In the last three years, with support from the Community Foundation of Broward, Broward County Public Schools, the National Wildlife Federation and NatureScape Broward have worked closely with the cities of Lauderdale Lakes, North Lauderdale, Lauderhill, Sunrise, Tamarac and Margate to engage residents in learning about and planting native trees throughout the community. Together, in the last three years we have:

1)  Installed 15 “Broward Habitat Connectivity Project” sites. These are major habitat improvements with large native trees planted with residents at local parks and schools.

Garden and tree planting at Boyd Anderson HS in Florida.

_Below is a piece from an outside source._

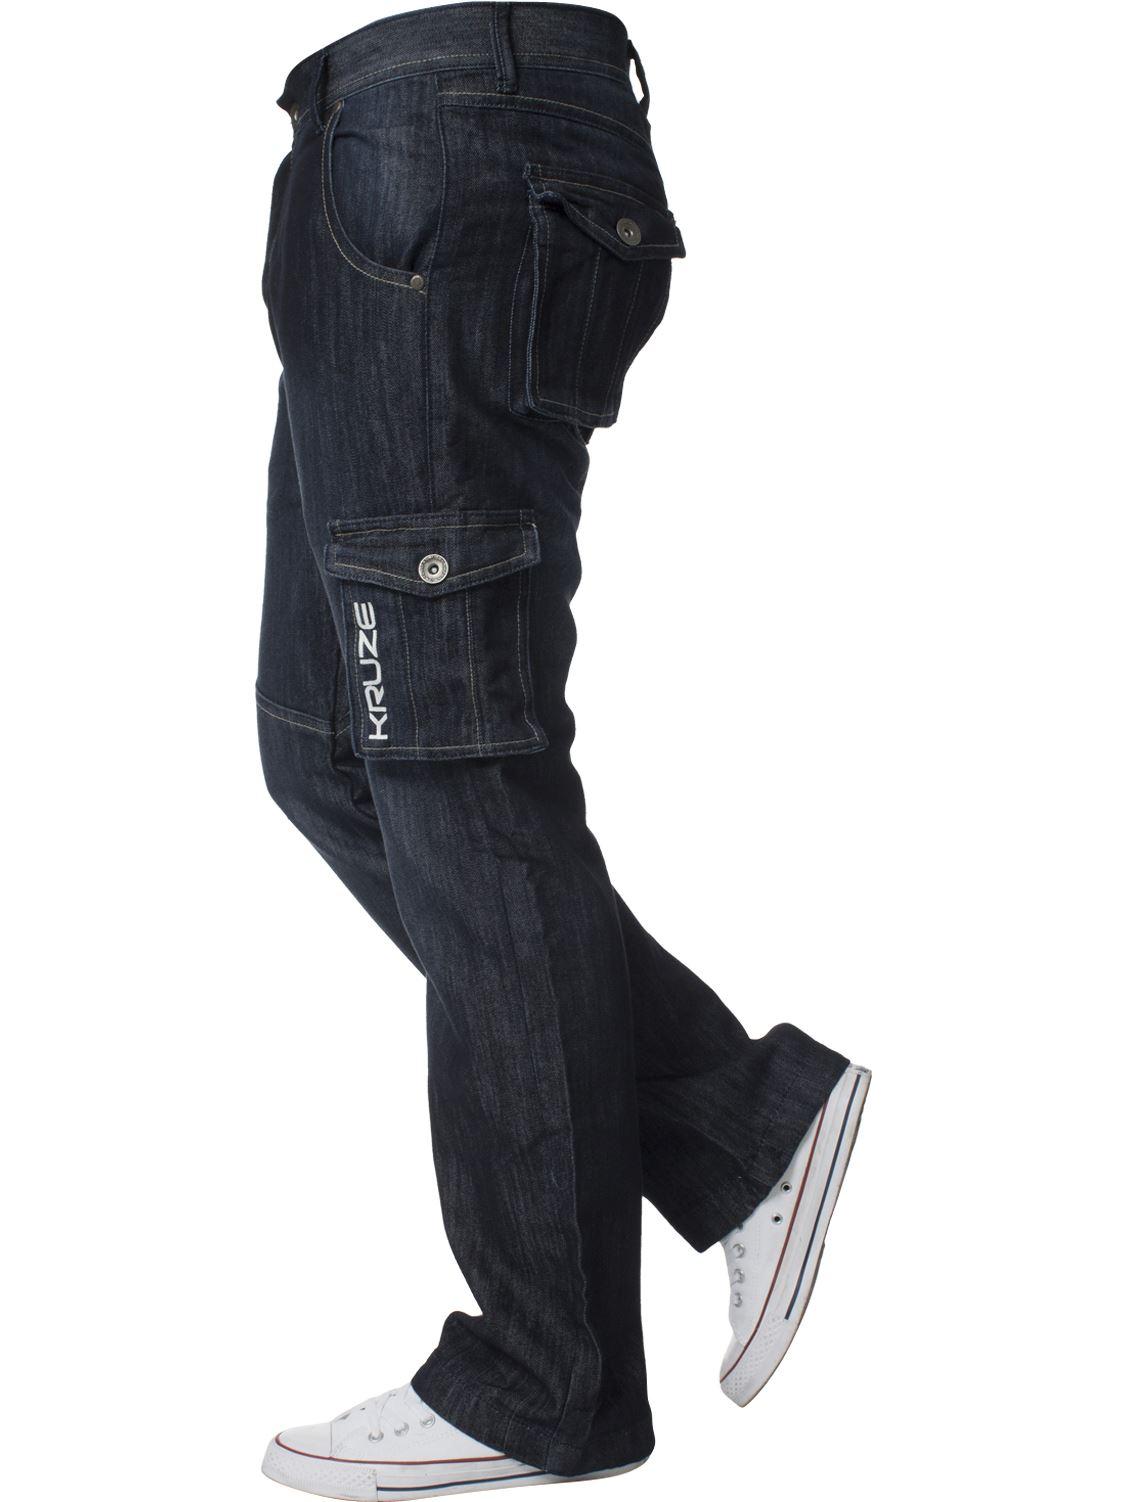 Grandes-jeans-para-hombre-de-combate-de-Kruze-Rey-Alto-Pierna-Cargo-Pantalones-Jeans-Pantalones miniatura 13

Credit: Patrick Fitzgerald / NWF

2)  Given away or planted 30,000 native trees through more than 50 public events and educational workshops.

A tree giveaway and workshop in Lauderhill, FL. Credit: Patrick Fitzgerald / NWF

3)  Registered the cities of Lauderdale Lakes, North Lauderdale, Lauderhill, Sunrise, Tamarac and Margate in the National Wildlife Federation’s Community Wildlife Habitat program to make their communities greener and increase tree canopy over the long-term.

Together we are working to address the inequitable distribution of tree canopy in Broward County and at the same time helping to address the impacts of the extinction crisis and global climate change.